Speculative Decoding – Usage Guide#
Support Status#
✅ MTP layer for inference only (no training)
✅ Models with native MTP layers:
✅ Mimo-7B-RL
🧪 Deepseek-V3/R1
🧪 GLM-4.5
🚧 External draft models trained with SpecForge:
⏳ MTP layer training with RL
🚧 Sequence packing with MTP layers is under development in Megatron.
Usage#
Add the following flags to SGLANG_ARGS
:
# for speculative decoding
--sglang-speculative-algorithm EAGLE
--sglang-speculative-num-steps 3
--sglang-speculative-eagle-topk 1
--sglang-speculative-num-draft-tokens 4
For details on parameter meanings and configuration, see the SGLang speculative decoding documentation.
Known Issues#
SGLang issue #9888 or SGLang issue #9521#
Error occurs during CUDA graph padding in the speculative decoding draft stage.
Workarounds:
Switch the inference backend to fa3 Triton (bug only occurs in flashInfer).
Specify a broader range for
--sglang-cuda-graph-bs
to avoid batch sizes that trigger CUDA graph padding.Disable CUDA graph (not recommended due to significant performance loss).
Notice: Disabling CUDA graph padding with
--sglang-disable-cuda-graph-padding
is currently ineffective for speculative decoding. See SGLangcuda_graph_runner.py
.
For debugging, enable slime’s
--debug-rollout-only
flag to isolate rollout behavior from parameter updates or model offloading.
# If speculative decoding fails, this can help debug
--debug-rollout-only
# If flashInfer causes issues with speculative decoding, use fa3 or triton instead
--sglang-attention-backend fa3
# If CUDA graph fails due to padding, extend the CUDA graph batch size
--sglang-cuda-graph-bs $(seq 1 32) $(seq 40 8 64) $(seq 80 16 160)

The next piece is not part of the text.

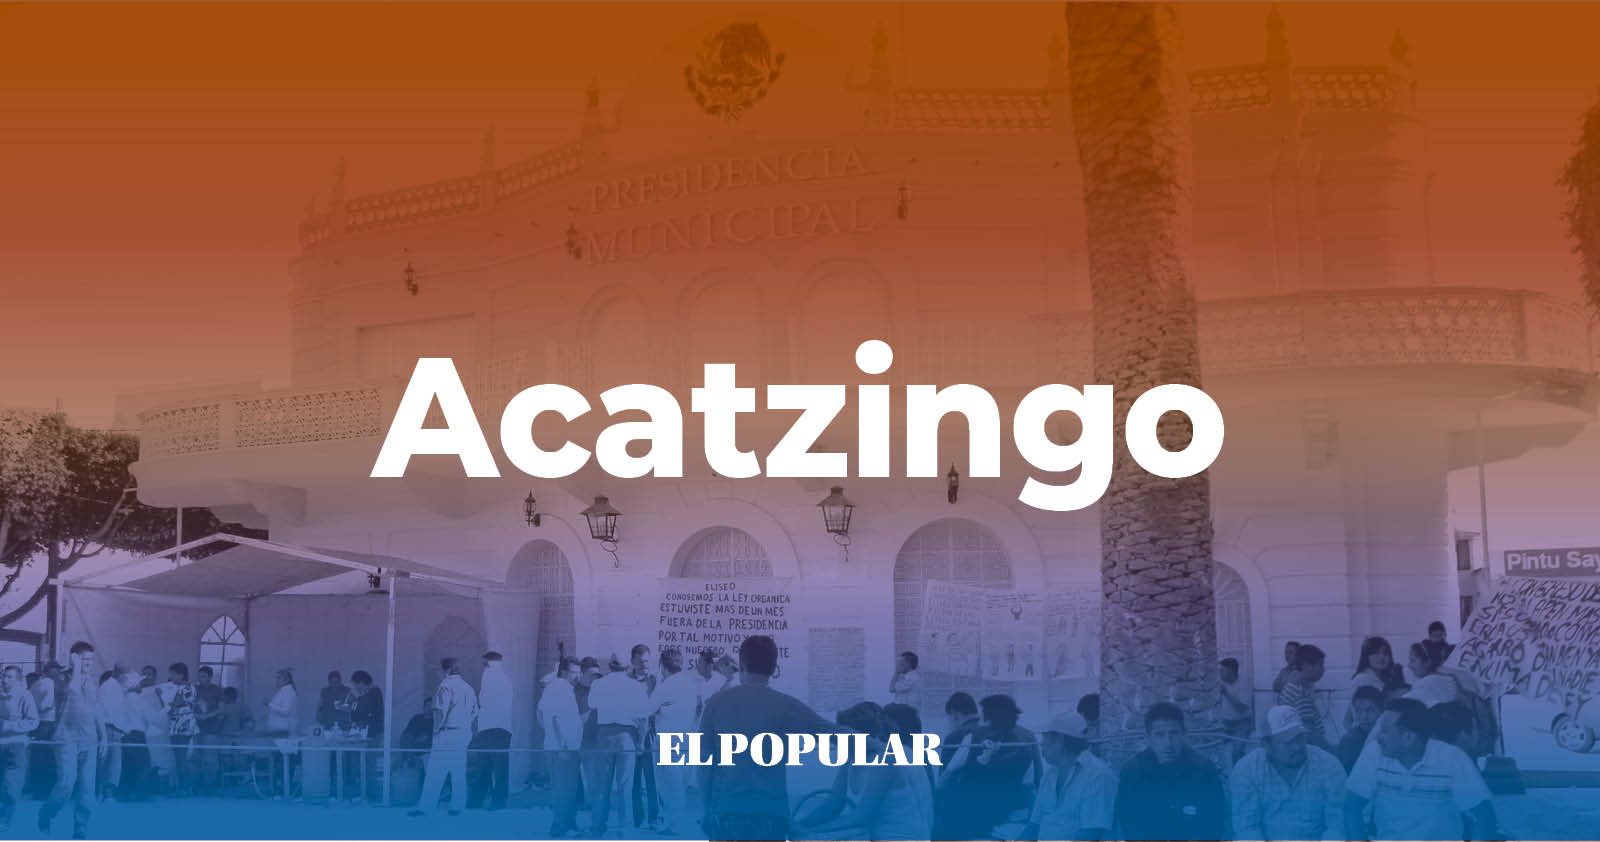 Acatzingo

# Improve performance by enlarging the running batch size limit
--sglang-max-running-requests 128
SGLang issue #9481#
Solution:
Apply the latest SGLang patch.
See PR #9687 for reference changes.
SGLang PR #9388#
If using an external draft model results in illegal memory access, it may be caused by a context length mismatch between the draft and target models.
Please update to SGLang ≥ 0.5.1 (and update
sgl-kernel
) to apply this fix.